3月末に統一地方選の行われたトルコでは、イスタンブール市長選で与党・公正発展党の候補者が落選し最大野党・共和人民党の候補者が当選した。
イスタンブール市はアジアを基盤に持つもののヨーロッパにもまたがるトルコ共和国のヨーロッパ側の領土にある都市で、オスマン帝国の首都であるなどトルコの歴史上著名な都市である他、現在もヨーロッパ有数の国際都市とされ、エルドアン大統領自身がかつて市長を務めていた象徴的な都市でもある。
欧米リベラル派からは「独裁者」扱いされているエルドアン大統領だが、実際には立憲主義的な手続きを重んじている人物であることもあり、今回の敗戦によりかつてから公言していた任期不延長の路線が変更される可能性は殆どなくなったとみられる。

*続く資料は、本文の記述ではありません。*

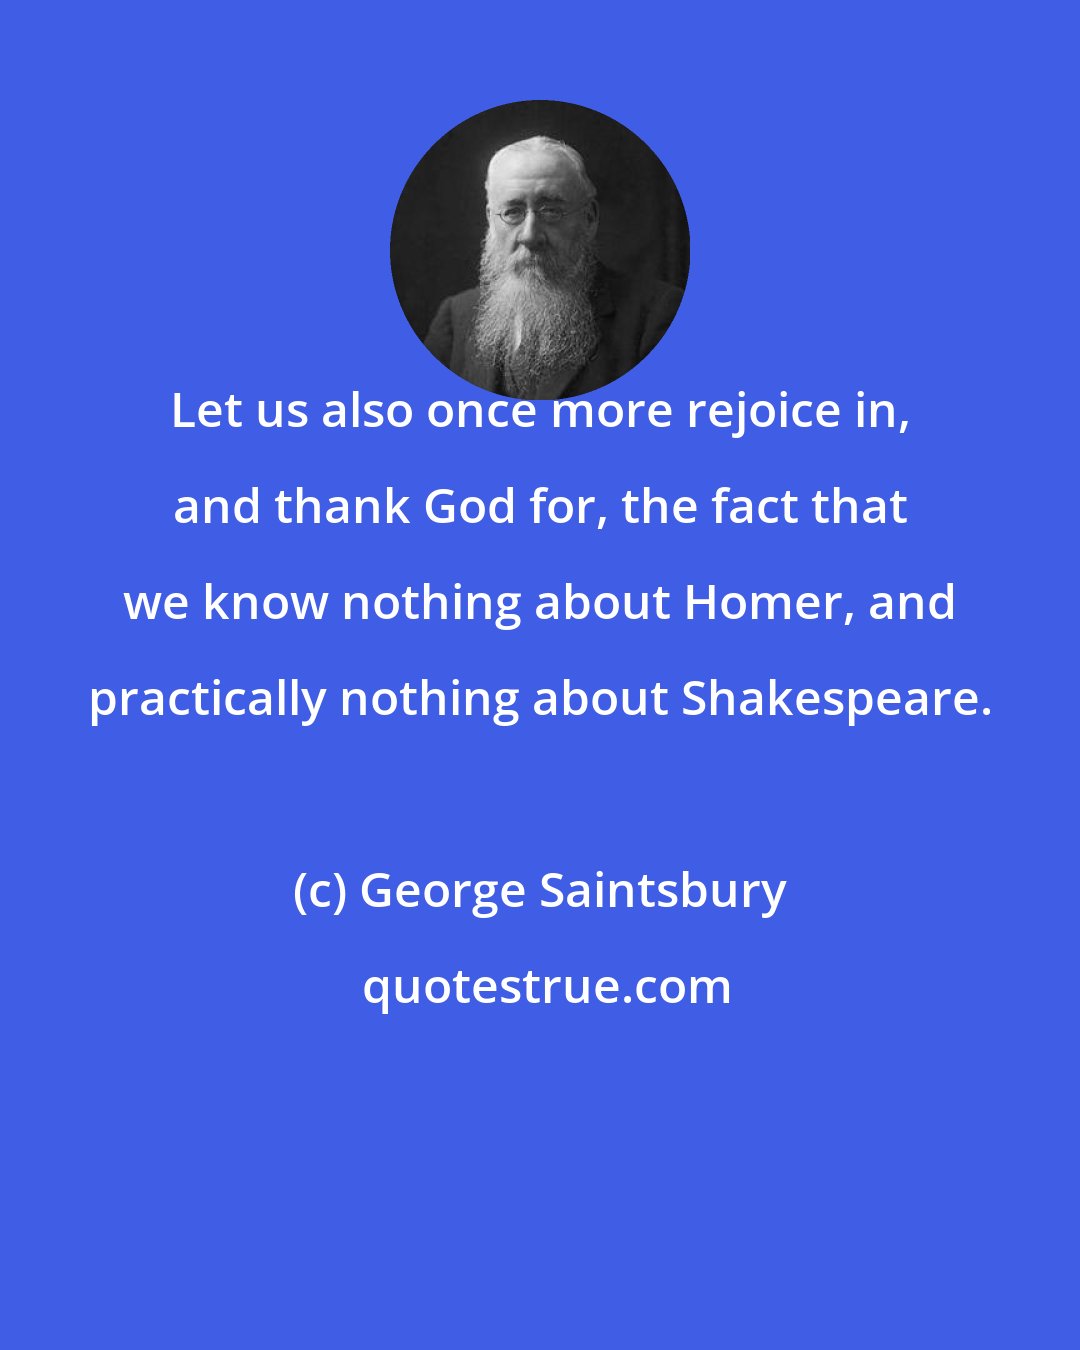 George Saintsbury: Let us also once more rejoice in, and thank God for, the fact that we know nothing about Homer, and practically nothing about Shakespeare.

エルドアン大統領は敗北の理由を支持者の棄権や生活費の高騰に求め「まず自分の責任を追及する」と述べた。
今回の統一地方選で勢いを伸ばしている共和人民党は、トルコ共和国の国是であるフランス型の厳格な宗教排除政策の維持を求める左翼政党であり、近年保守化が進んでいたトルコにおいて左翼勢力によるバックラッシュが起こっていると言える。
左傾化は日本やアメリカだけの問題ではないようだ。